TASK STATEMENT: Keep the pictures out while you transcribe the listing below exactly.

DATA BLOCK:
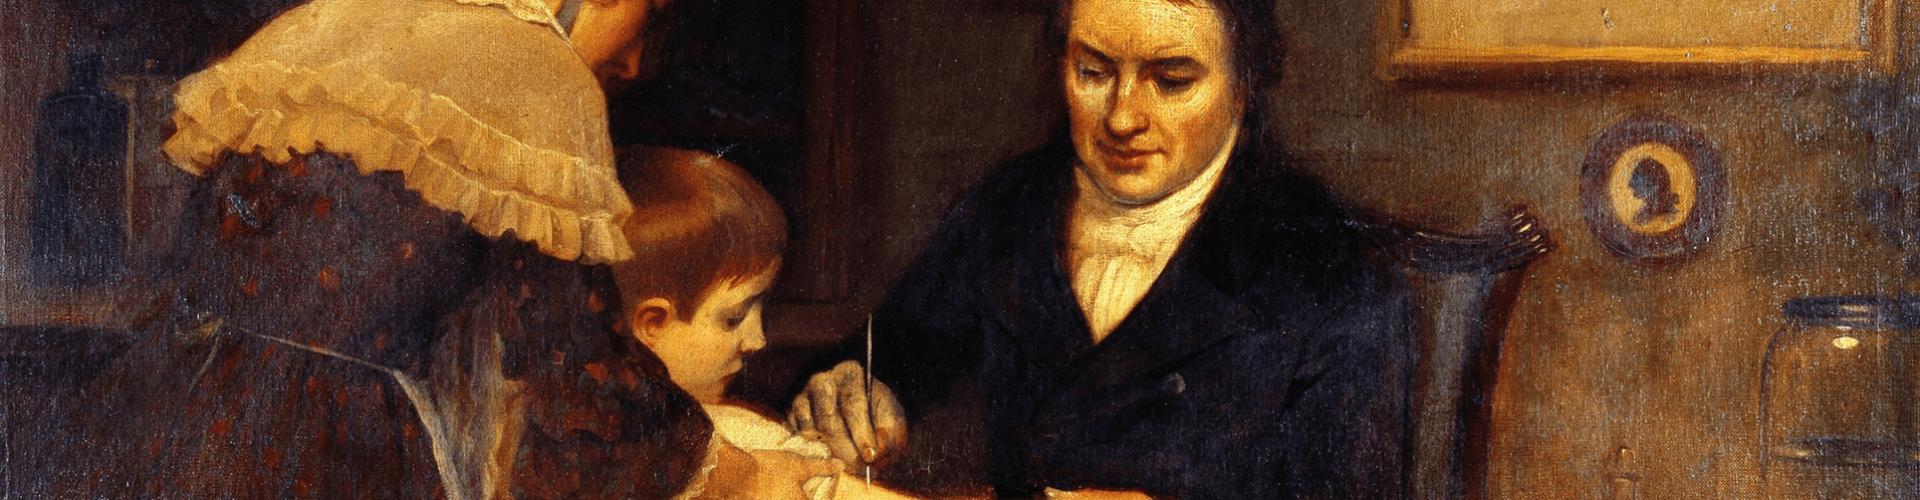 Dióhéjban a vakcináról
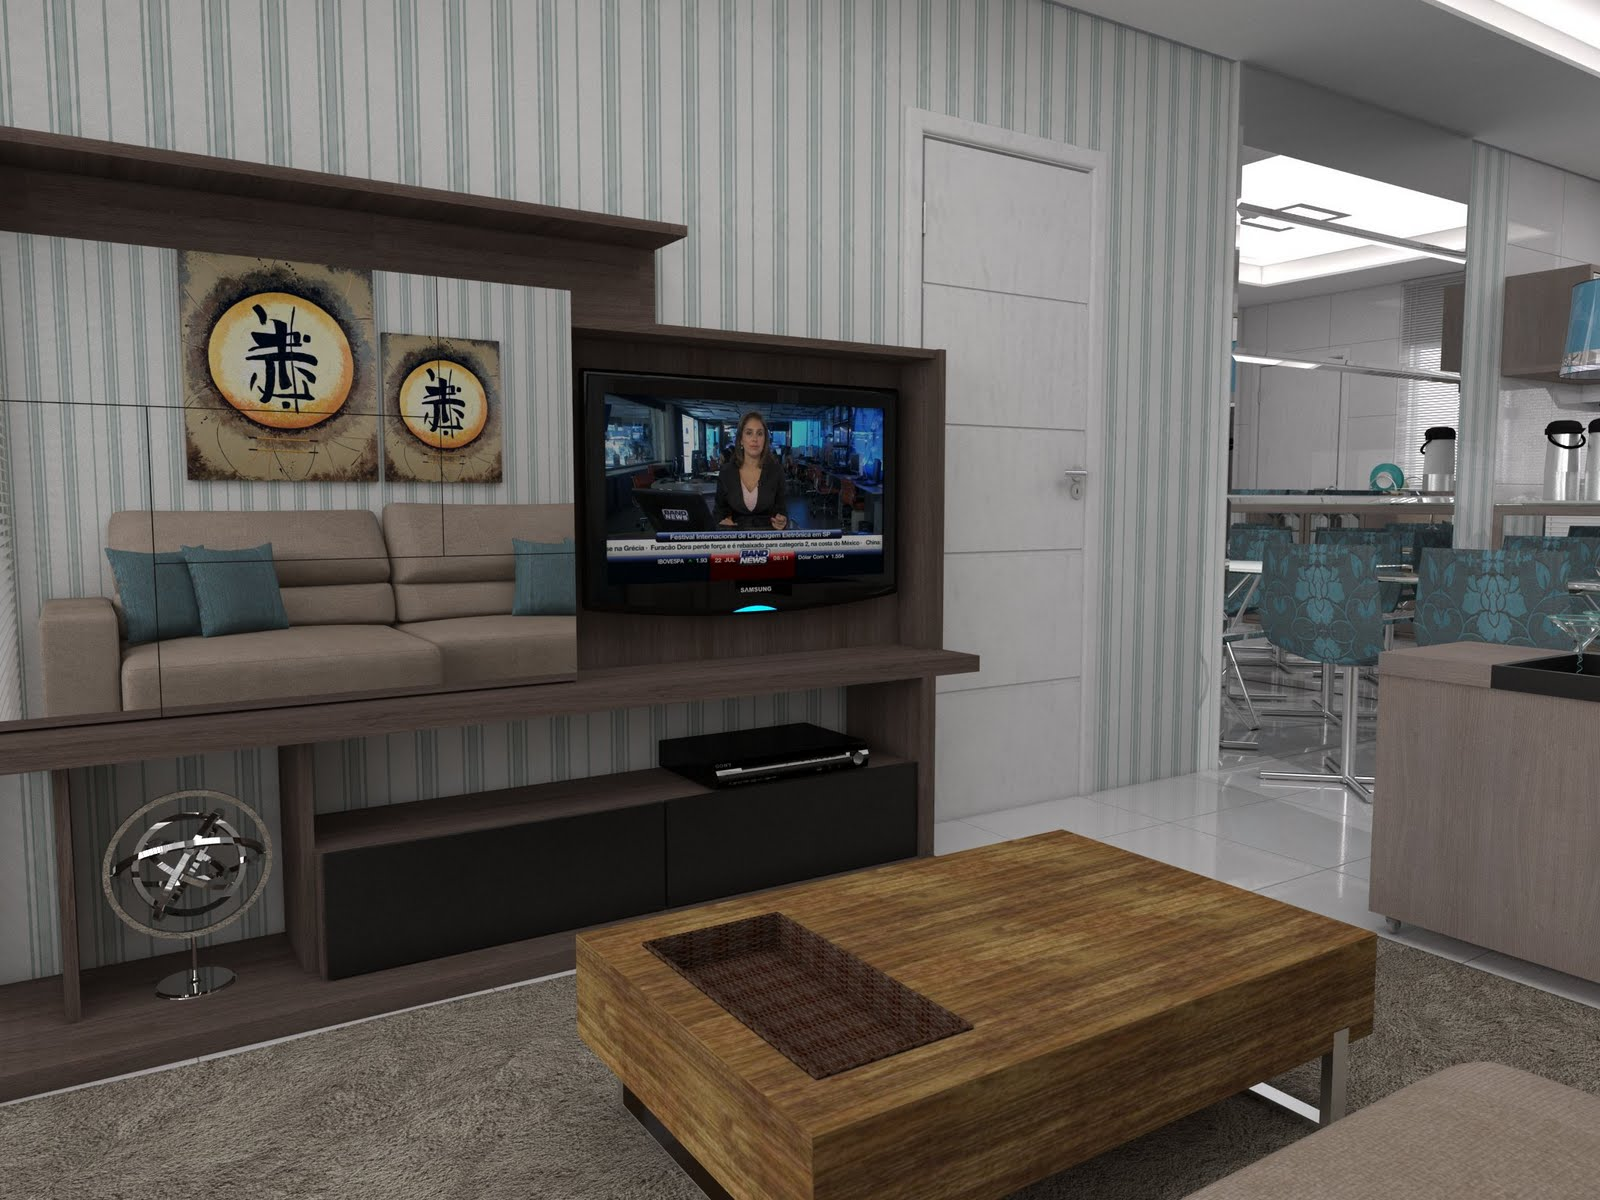 Pin Cozinha E Sala De Jantar Conjugada Minha Casa Cara Hd On Pinterest #644D37 1600x1200
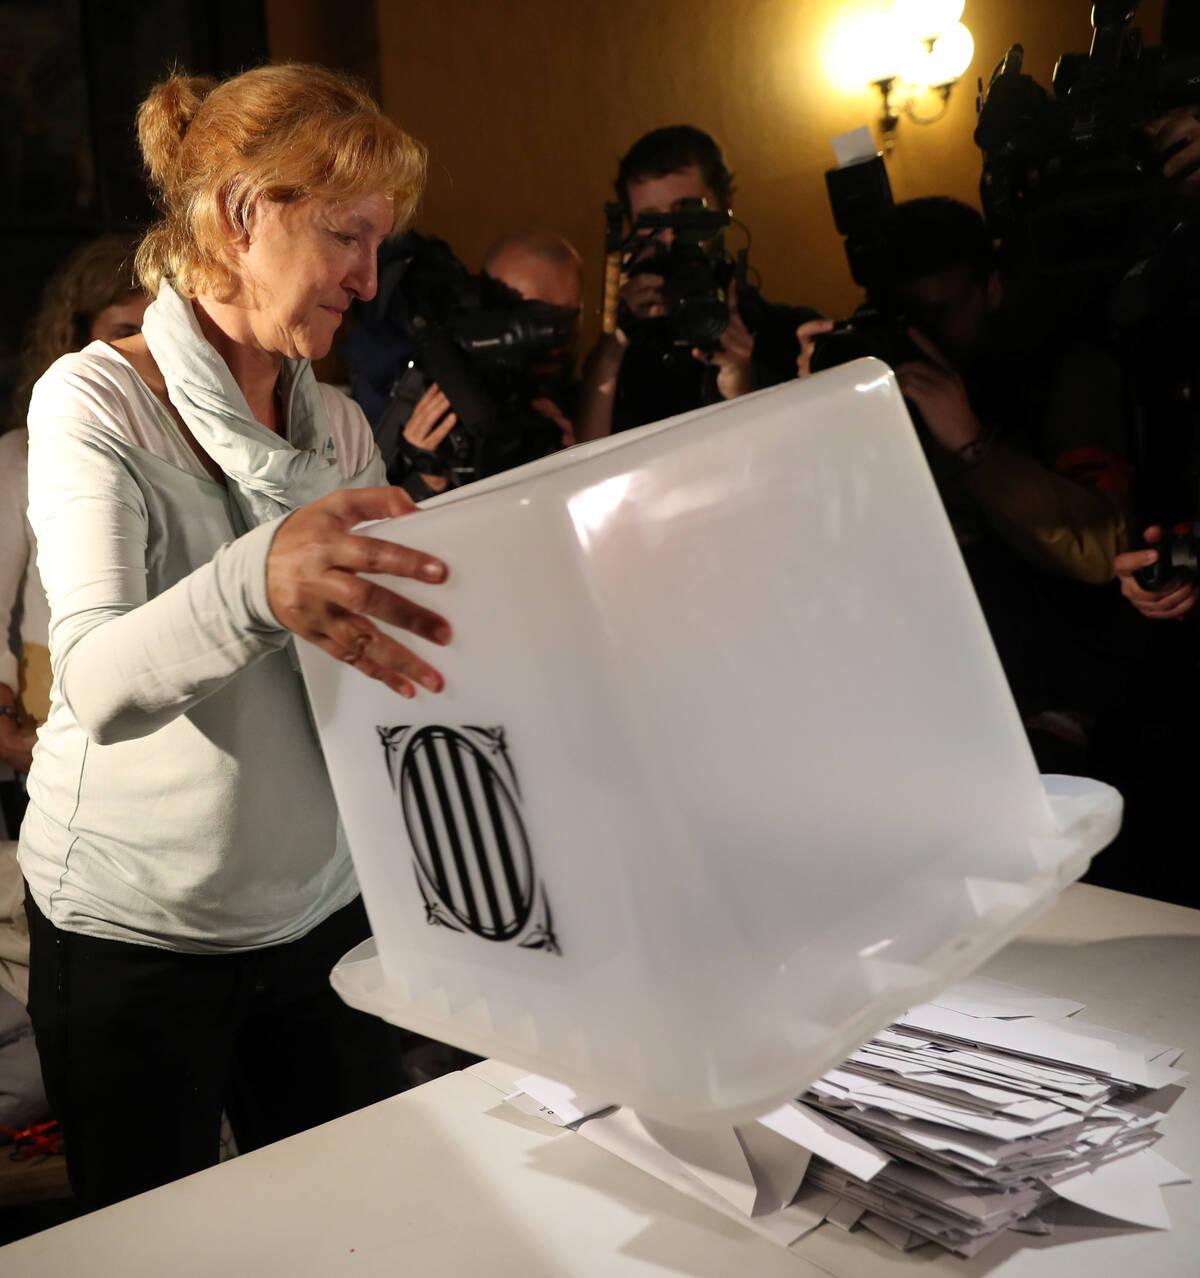 2017 10 01T184414Z 569162622 RC192EDCB0F0 RTRMADP 3 SPAIN POLITICS CATALONIA

RESPONSE TO THIS EXERCISE:
 Dióhéjban a vakcináról
 Pin Cozinha E Sala De Jantar Conjugada Minha Casa Cara Hd On Pinterest #644D37 1600x1200
 2017 10 01T184414Z 569162622 RC192EDCB0F0 RTRMADP 3 SPAIN POLITICS CATALONIA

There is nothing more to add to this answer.